For me, my characters are real: they have a history, a dysfunctional family, favorite haunts, and people who care for them, not least of which is me. When I wrote A Love Noire, and gave birth to the characters of Innocent and Noire, I learned just how real these characters had become: My inbox was full of emails from readers who confessed that they knew Noire, the Afro-wearing Ph.D. student, and her love interest Innocent, a well-heeled investment banker who hailed from Côte d’Ivoire, West Africa. Not only did they know these characters, but many proclaimed that they were these characters! Fictionalized or not, Noire and Innocent—and their family, friends, and colleagues—were real to many.

It was in A Love Noire that I decided to make their universe parallel our own: they lived on real streets in New York City and traveled to historical sites in New Orleans, Charleston, Jamaica, and Côte d’Ivoire. They shared a penchant for the music, clothing, and restaurants of many of the trendy sorts here on our side of planet Earth.

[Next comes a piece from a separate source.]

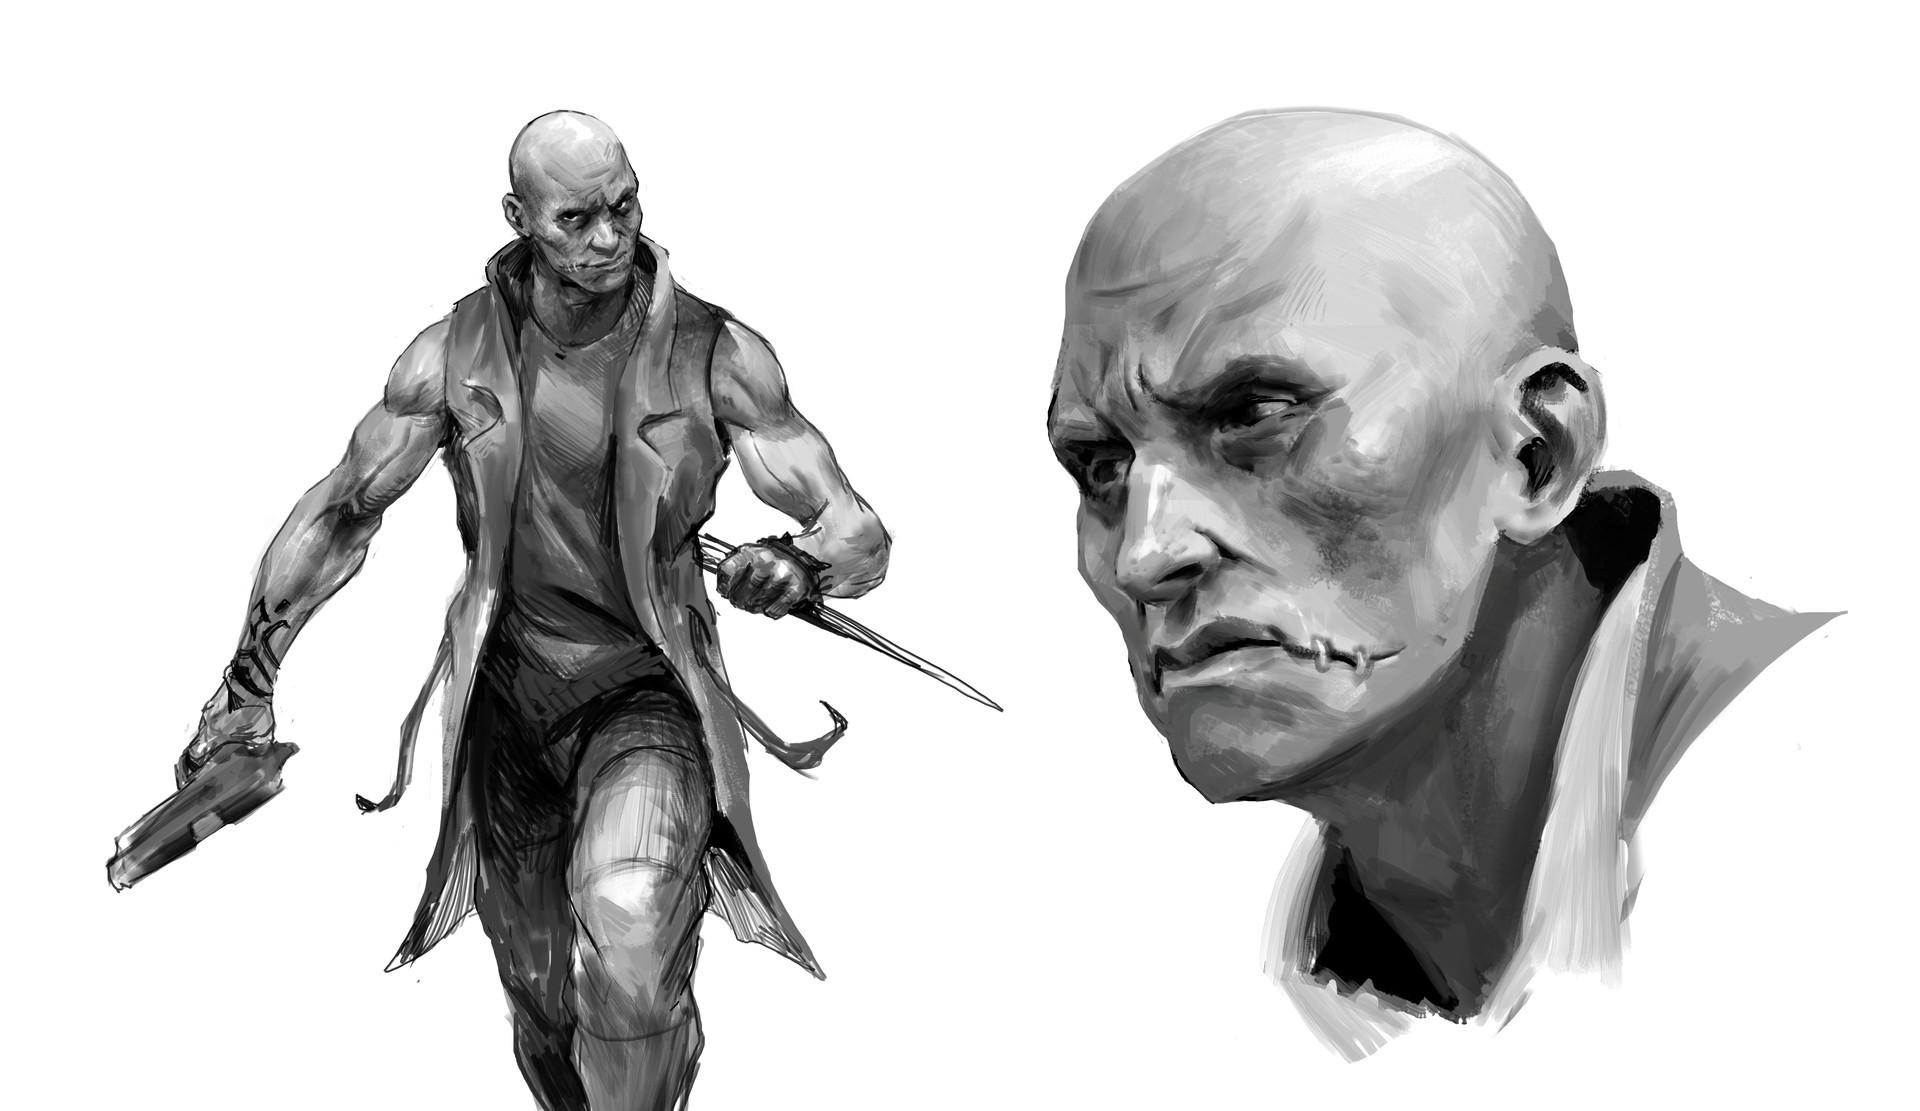 Miro petrov bald character

But those things were simple. It gets harder when characters are affected by the incidences of recent history. In most historical fiction, writers can create a plausible, historically accurate story line for their characters knowing that their readers are unlikely to have a personal association with the events. It was quite the opposite when I wrote about the Christmas Eve coup in Côte d’Ivoire as experienced by Innocent and his family: some of my readers had first-hand accounts of it as well.

So I, as the writer, must be as sensitive to the feelings of the reader as I am to the facts. I was keenly aware of this as I approached the writing of Hunger. In this, my latest novel, I’ve brought Noire and Innocent back in a post-9/11 world, beginning with each character’s experience of that day: Noire on a return flight from Haiti back to the U.S. where she’s been conducting research for a year, and Innocent departing the World Trade Center just minutes ahead of the attack. Additionally, only a few chapters later, someone close to Noire is lost in the November 12, 2001 crash of American Airlines flight 587 in Queens, New York that was bound for the Dominican Republic.

My editor initially said that the opening chapters of Hunger had too much tragedy, loss, and sadness for the reader. But those things did happen. I named part one of the novel “Stranger Than Fiction” in deference to those people on the frontlines of these international tragedies, and to acknowledge that I was asking a lot of my readers. I understand that for many of us, the wounds are still fresh. I took the risk of exploring these events in my writing out of what was, for me, a call to tell an authentic story featuring faces seldom seen.

Indeed, at my book reading held two days after the fifth anniversary of September 11th, two audience members described escaping the World Trade Center with their lives and one had lost a loved one at the restaurant atop the towers, Windows on the World. It was humbling to have them share their first-hand accounts, and gratifying that my book had provided them the platform. Both were African-American, as was a majority of the audience, and they thanked me for placing our face in the midst of the tragedy that day.

As a writer, that’s my most rewarding moment: when my fiction gives people a space to process and begin to heal from the harsh facts of our lived lives.